- STORED DATA -
☆ ☆ ☆ ☆ ☆ ☆ ☆

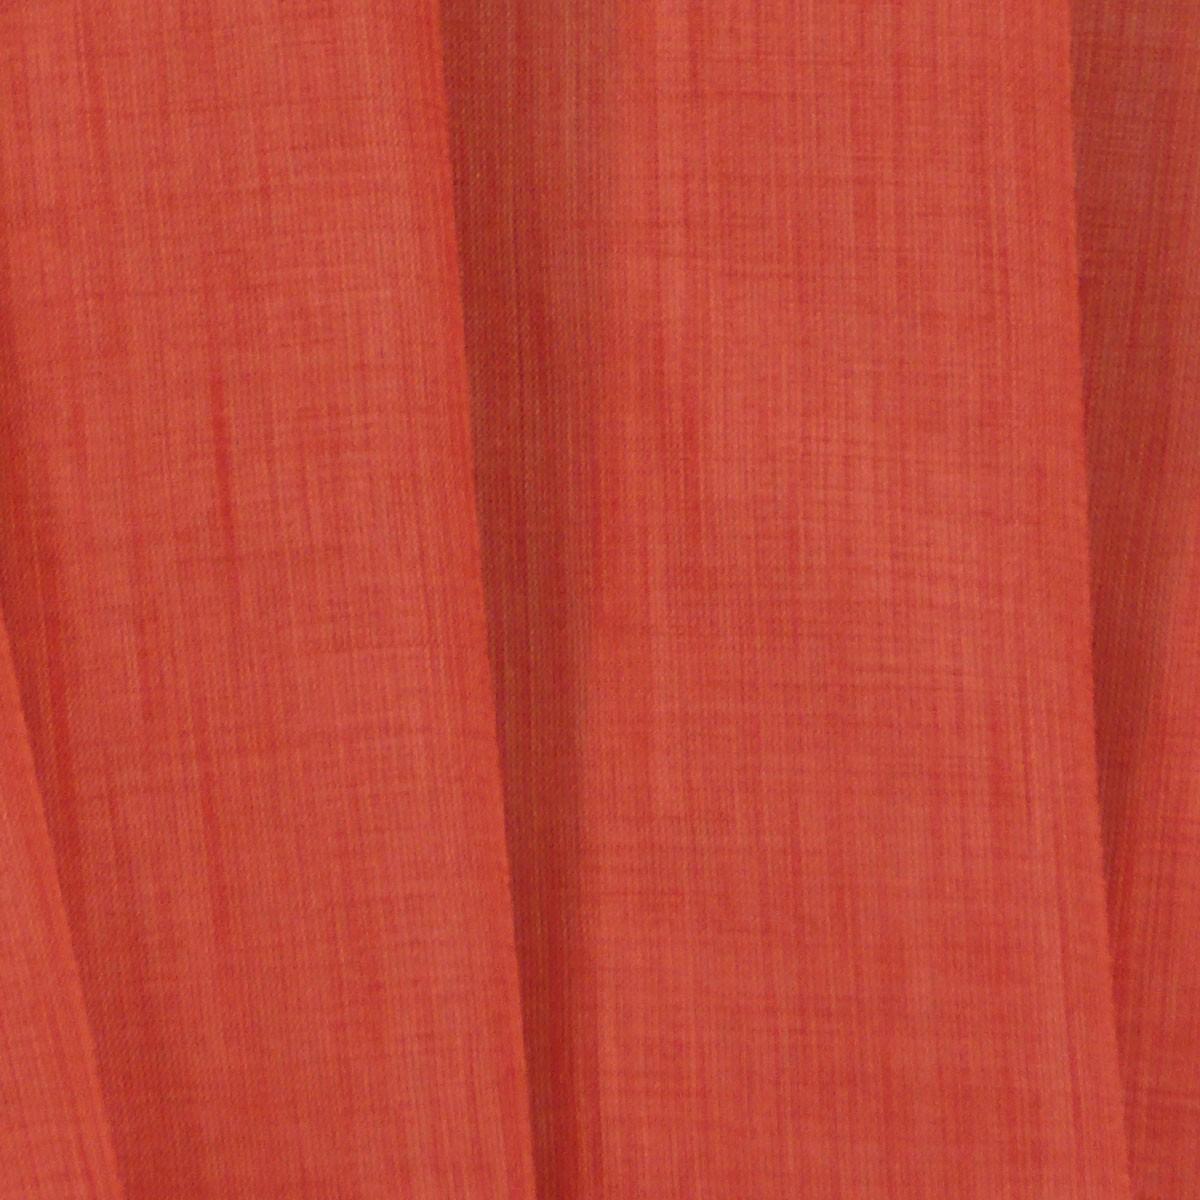 gardinen stoff meterware ambiente leinenoptik terrakotta. Black Bedroom Furniture Sets. Home Design Ideas
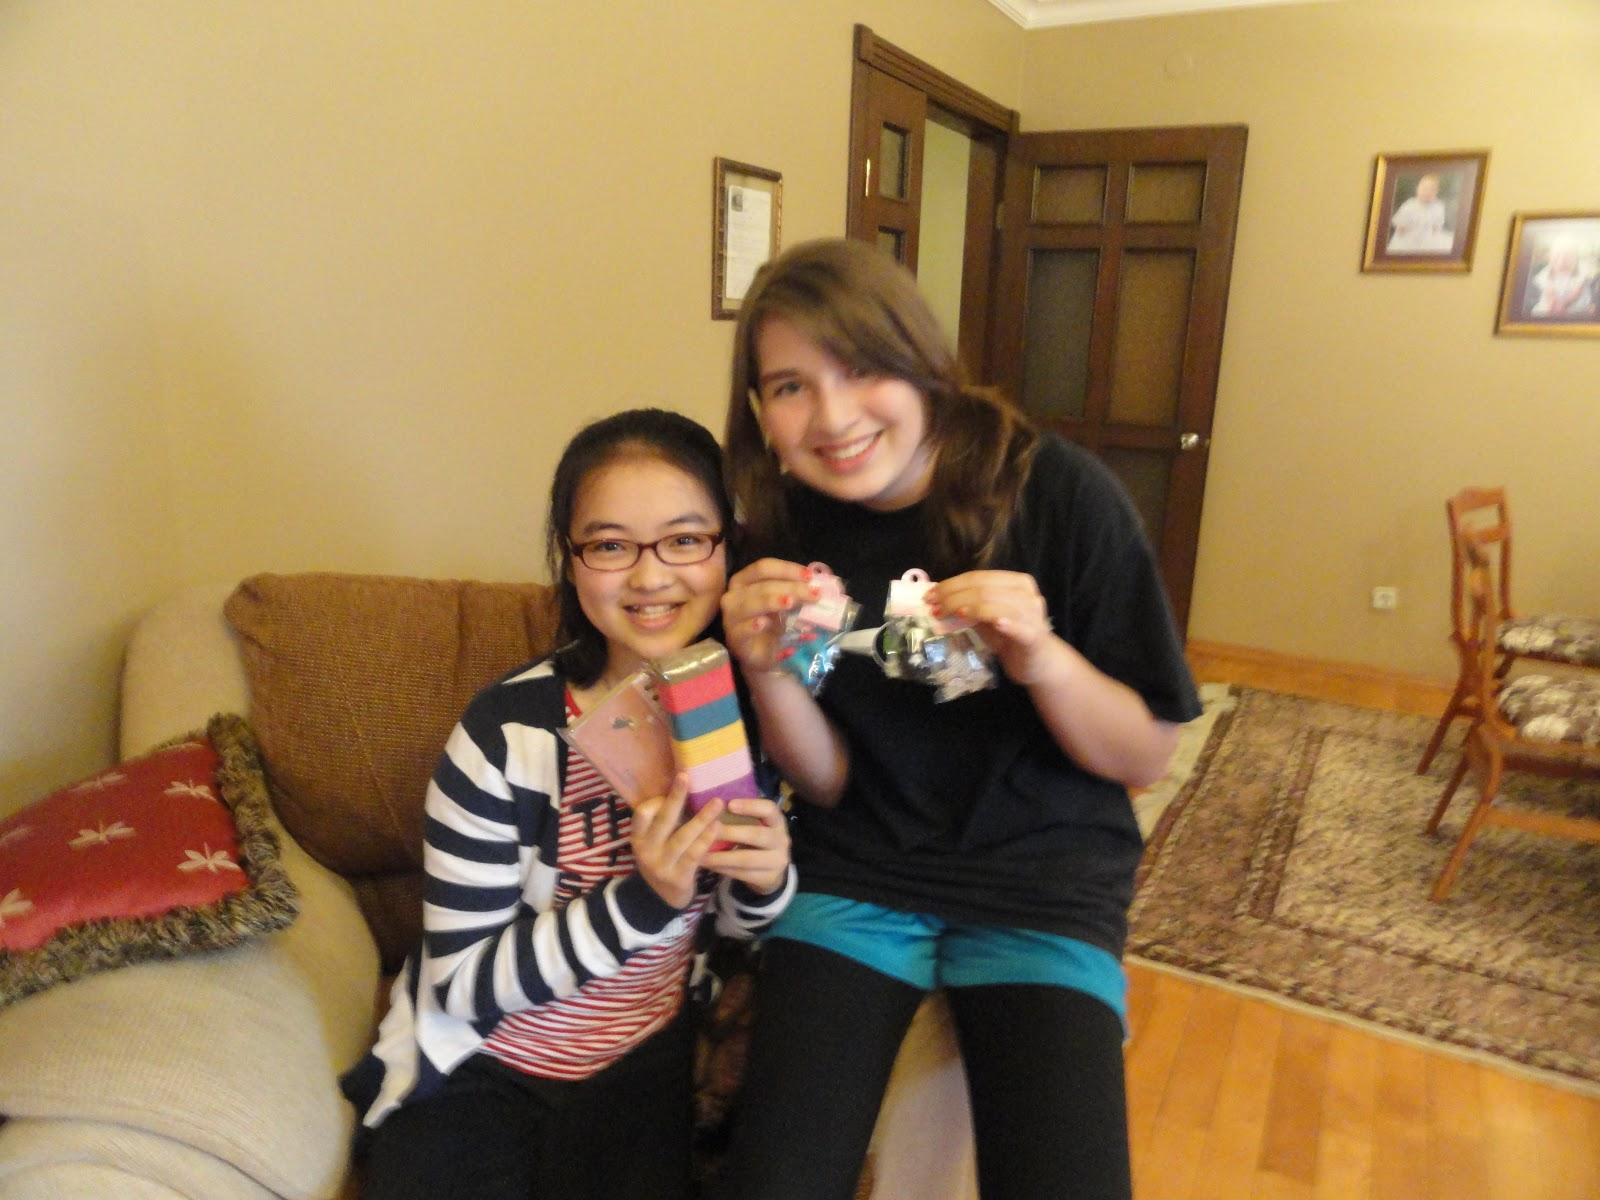 The Herndon Herald: 7th grade girls sleepover
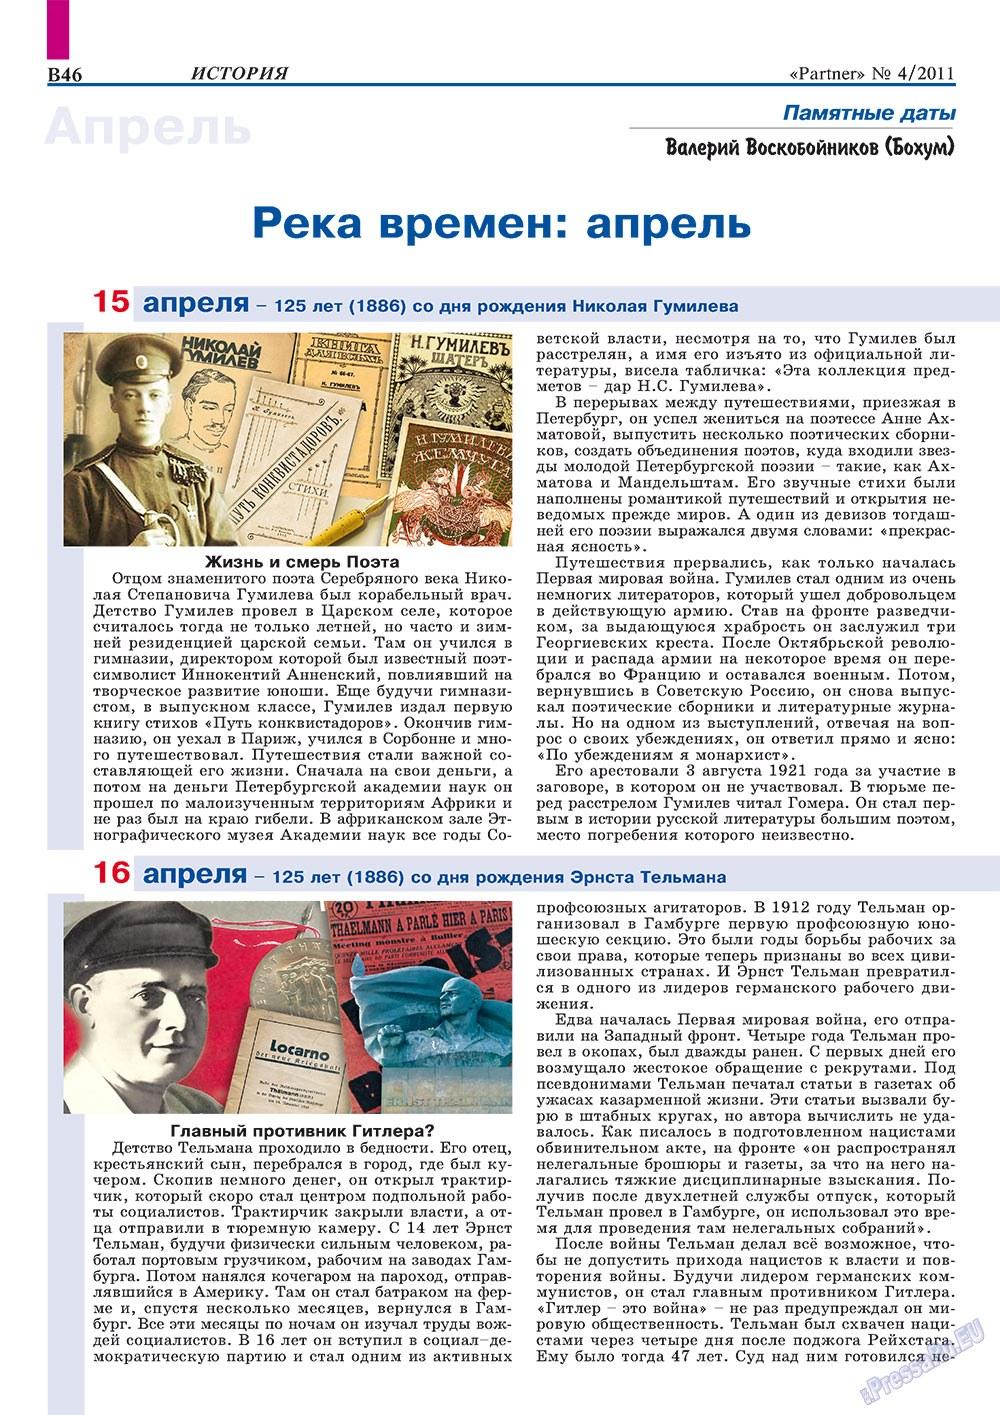 Партнер-север (журнал). 2011 год, номер 4, стр. 56

☆ ☆ ☆ ☆ ☆ ☆ ☆

- WHAT IS EXPECTED -
Return every line of the listing exactly, leaving its pictures behind.

- WORKED SOLUTION -
 gardinen stoff meterware ambiente leinenoptik terrakotta. Black Bedroom Furniture Sets. Home Design Ideas
 The Herndon Herald: 7th grade girls sleepover
 Партнер-север (журнал). 2011 год, номер 4, стр. 56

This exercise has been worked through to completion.